For the listing below, the answer is an exact retyping of the lines from the one with "child decorating felt tree" through the one with "Roller Derby Movie With Drew Barrymore", both included, without pictures.

• **INFORMATION SHOWN**:
::::

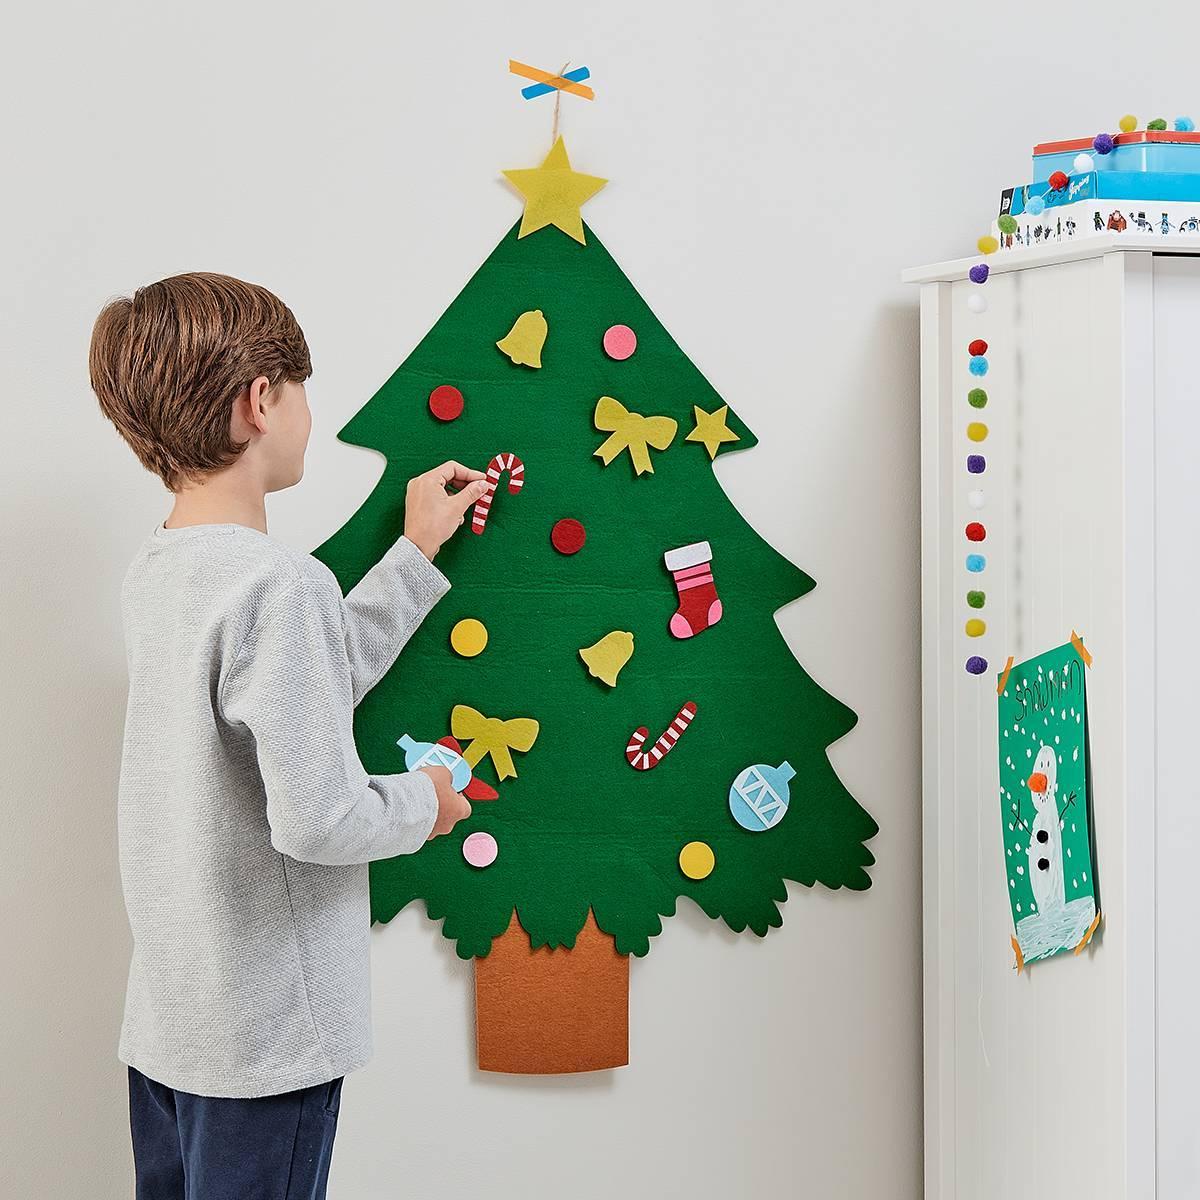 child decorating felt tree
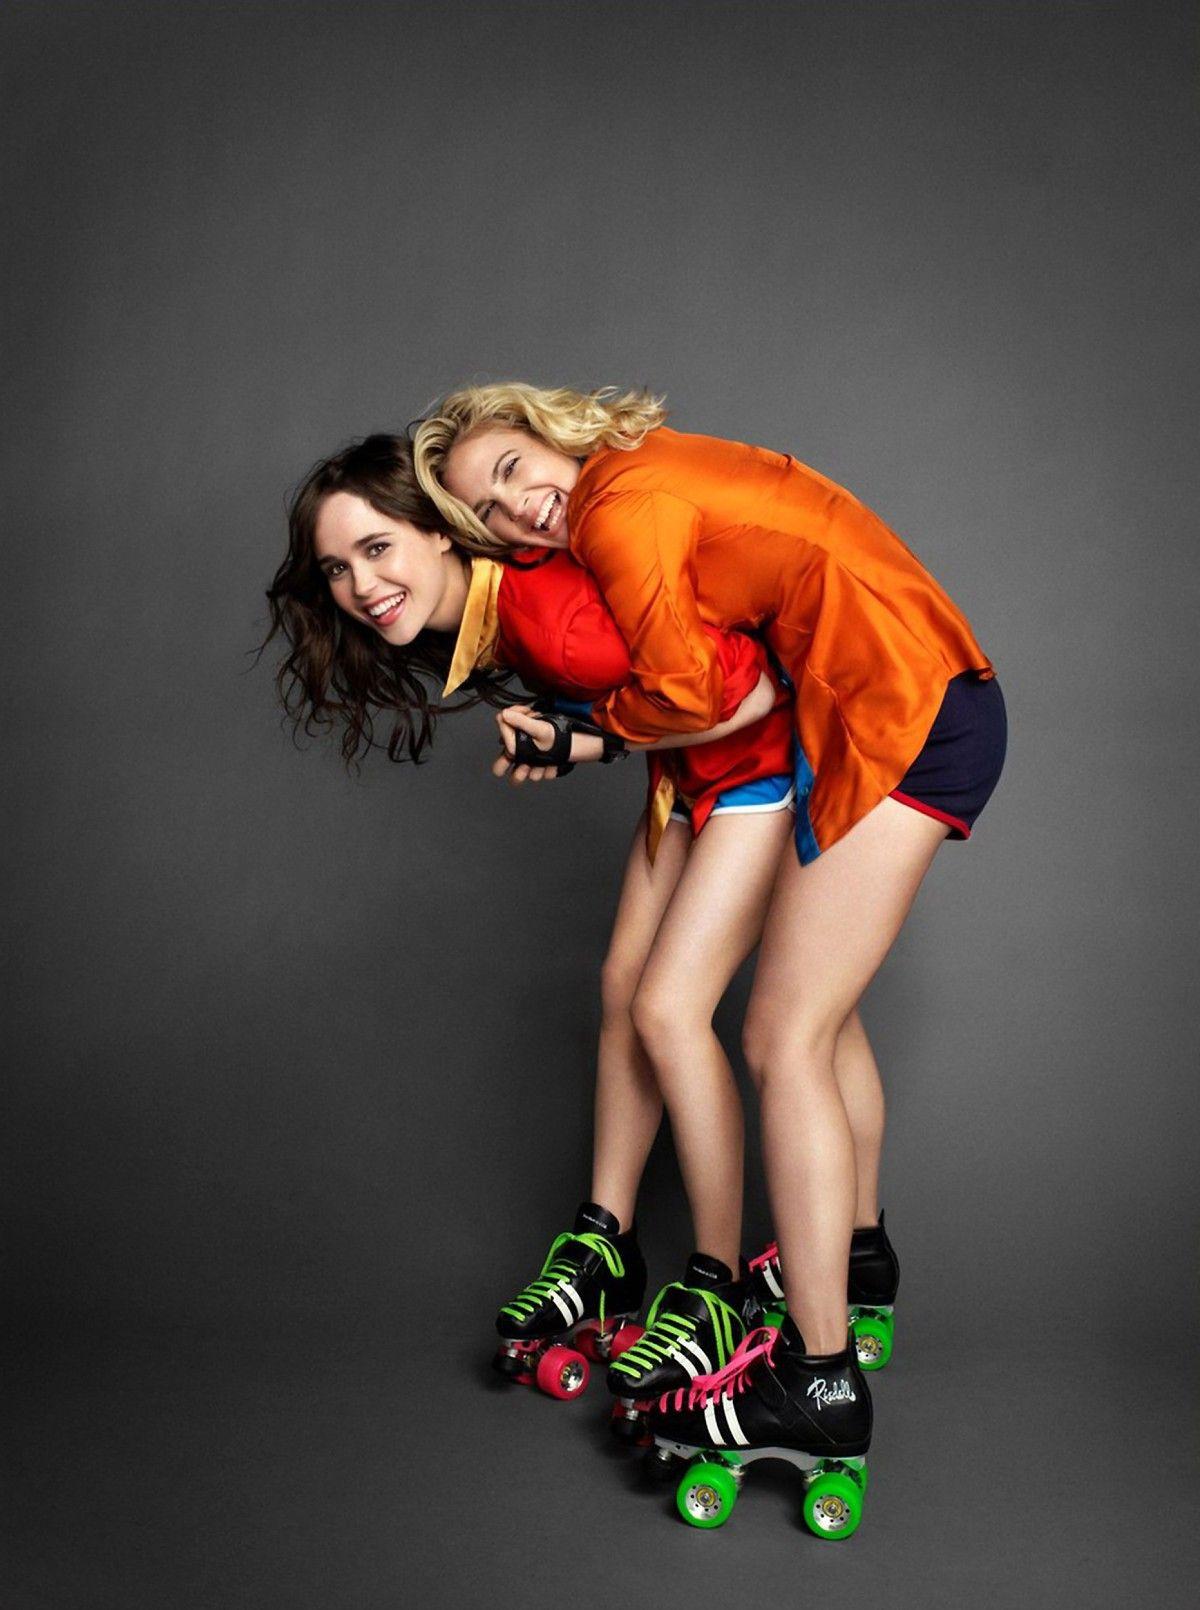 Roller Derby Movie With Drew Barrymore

::::

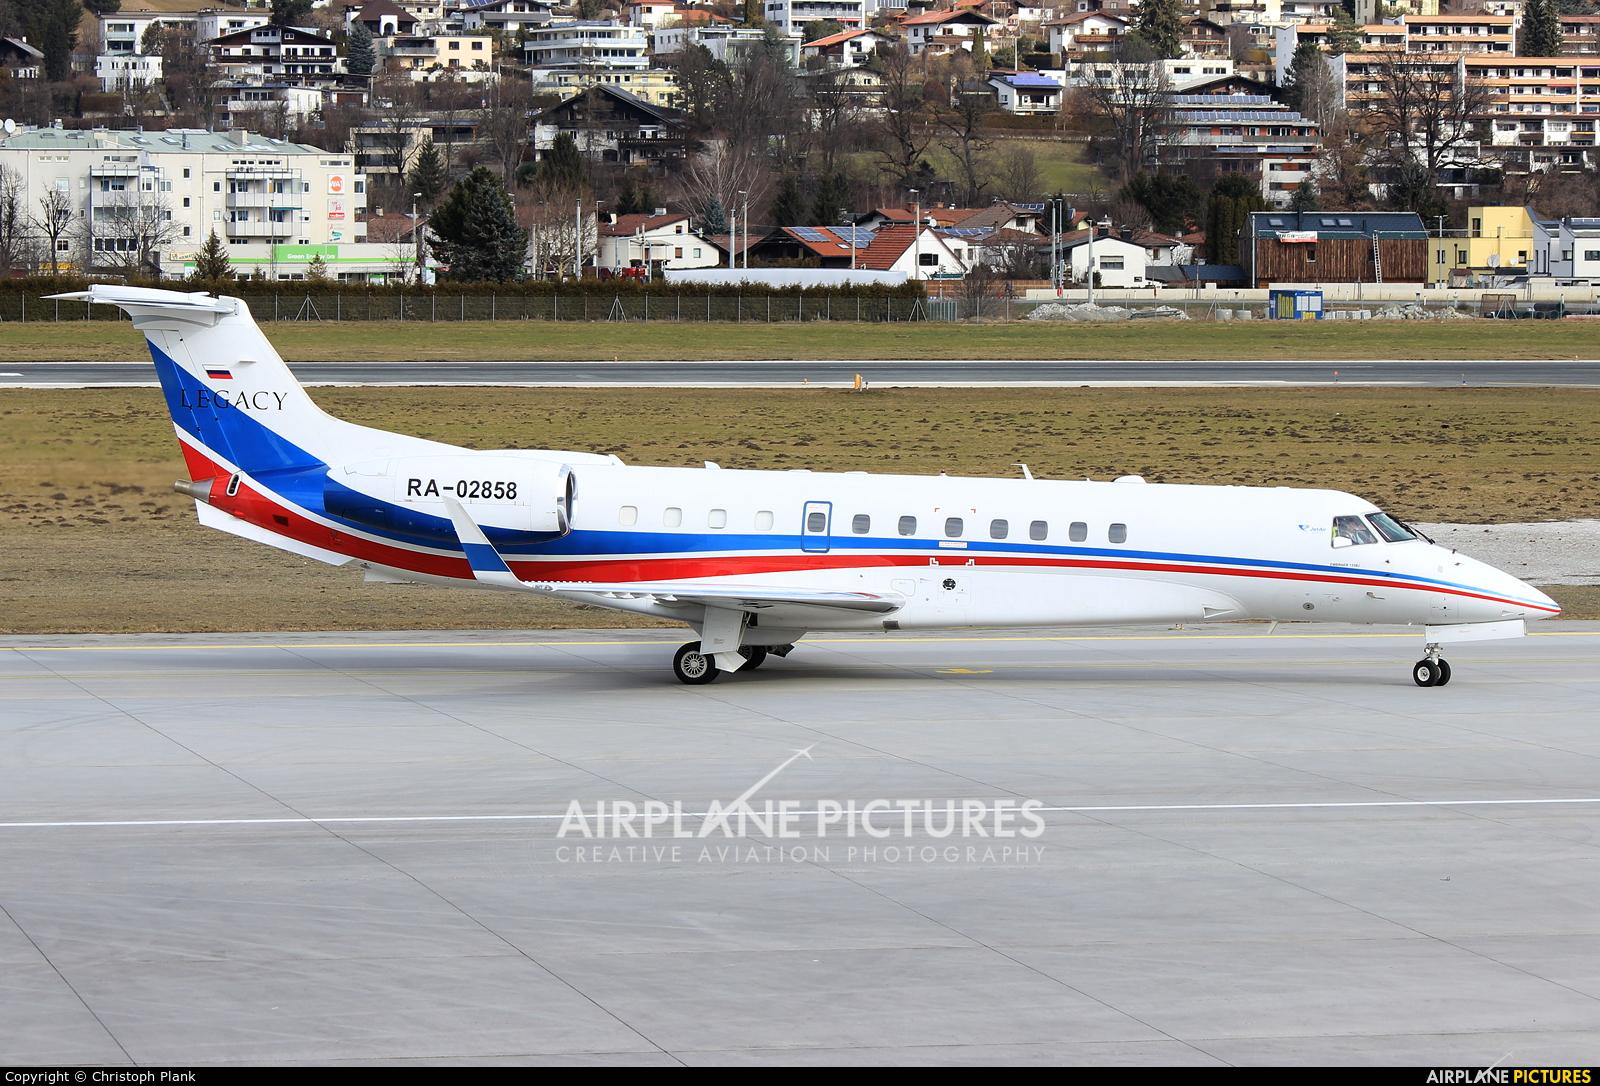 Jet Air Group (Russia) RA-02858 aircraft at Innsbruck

::::

• **WRITTEN ANSWER**:
 child decorating felt tree
 Roller Derby Movie With Drew Barrymore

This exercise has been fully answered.